Autoentusiastas Autoentusiastas Autoentusiastas Autoentusiastas Autoentusiastas Autoentusiastas Autoentusiastas Autoentusiastas FUSCAS VETERANOS – PARTE 2 – Autoentusiastas

FUSCAS VETERANOS – PARTE 2

Na Parte 1 começamos a desvendar os segredos dos Fuscas Veteranos com base na incrível coleção particular do Richard Hausmann, de Erlangen, Alemanha. Esta coleção é exemplar e didática e nesta Parte 2 vamos acompanhar uma das restaurações em detalhes. E mostraremos detalhes de outro que desvenda outras características. São mais de 100 fotos.

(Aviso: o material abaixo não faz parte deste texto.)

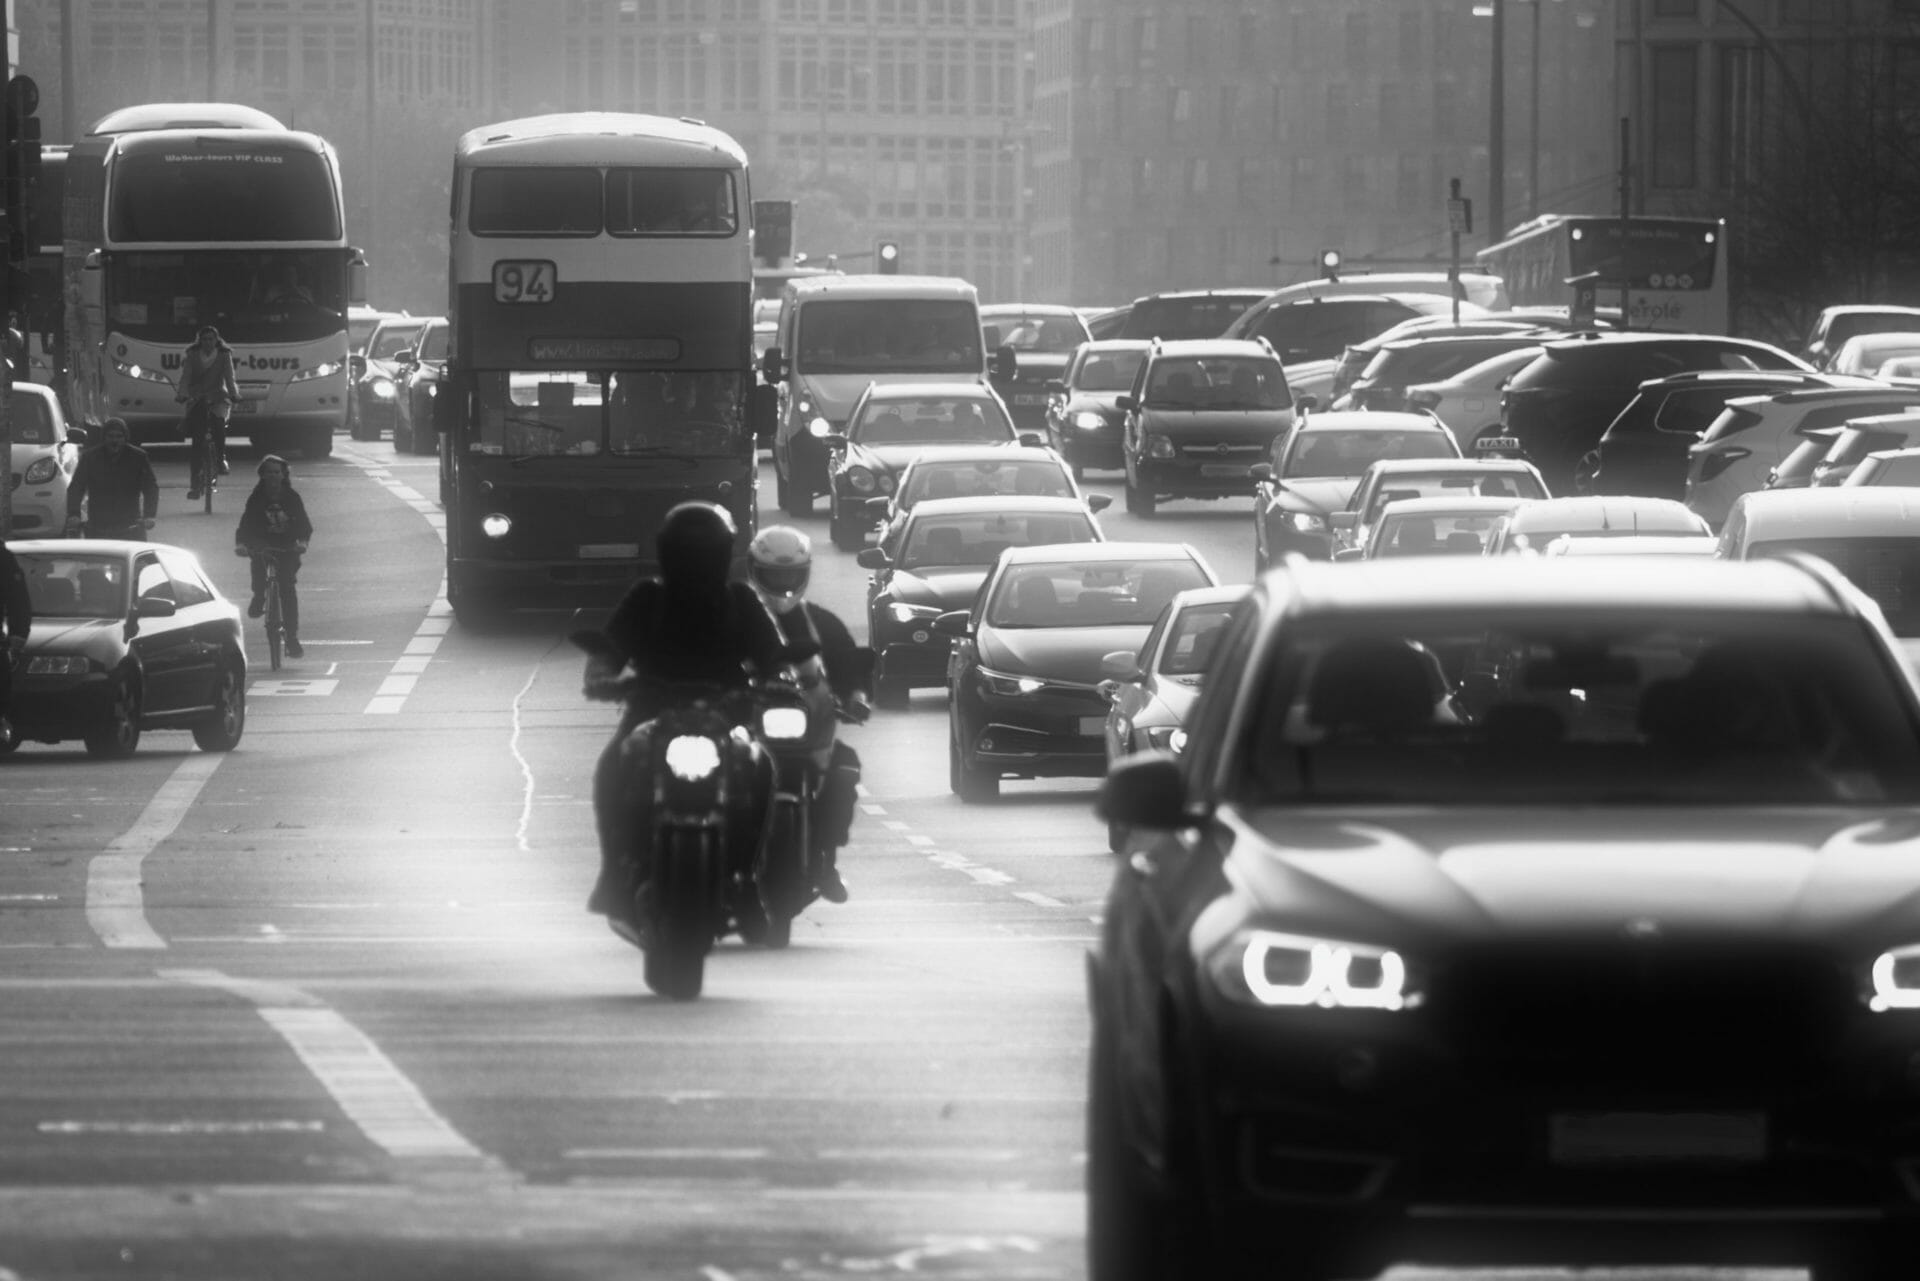 Auto- und Motorradfahrer sehen unterschiedliche Dinge im Straßenverkehr
- auch in der MOTORRAD NACHRICHTEN APP

Por anos ficou escondido no celeiro

Quando o Richard estava realizando a sua grande aventura com Fuscas Veteranos, que foi a Vintage Volkswagen Challenge, de Erlangen na Alemanha até Pequim, capital da China, feita exclusivamente com Volkswagens veteranos, realizada em 2009, ao passarem por Moscou, na Rússia, foi encontrado este KdF 82e, de maio de 1943, também produzido durante a Segunda Guerra Mundial. Este tipo de carro tinha o chassi de um jipe leve (“Kübelwagen”) e a carroceria de um Fusca. Portanto ele tinha uma suspensão mais alta devido aos redutores nas rodas traseiras, redutores estes que acabaram sendo herdadas pelas primeiras Kombis.

Este KdF passou a ser apelidado de “Russo” e foi originalmente fornecido em para o Heereszeugamt Kassel – Centro de logística de equipamentos do Exército, da cidade de Kassel, em 21 de maio de 1943. Este centro era o que ficava mais próximo da fábrica de Wolfsburg e recebia os jipes e carros que depois eram enviados para outros centros ou diretamente para as respectivas unidades. Este carro acabou em Moscou onde foi resgatado em 2013. Os russos, depois da guerra, levaram o que puderam para a Rússia, fábricas inteiras foram desmontadas e levadas como compensação de guerra. Como eles não tinham como refazer as fundações de máquinas pesadas elas foram cortadas em blocos, como um grande quebra-cabeças, levadas para a Rússia para posterior remontagem. Na foto de entrada se pode ver este carro em seu “esconderijo” moscovita.

Algumas fotos do resgate deste carro. É interessante observar que também neste foi feita a modificação dos faróis, visto que não se tinha acesso a peças de reserva (Fotos: Richard Hausmann):

O trabalho de restauração foi confiado ao mundialmente renomado mecânico, artesão e especialista em Veículos Volkswagen Veteranos polonês, Jacek Krajewski, de Varsóvia. Foi mais um tremendo desafio fazer voltar às condições de origem um carro com toda esta carga histórica e bastante depredado pelos usuários anteriores e pelo tempo.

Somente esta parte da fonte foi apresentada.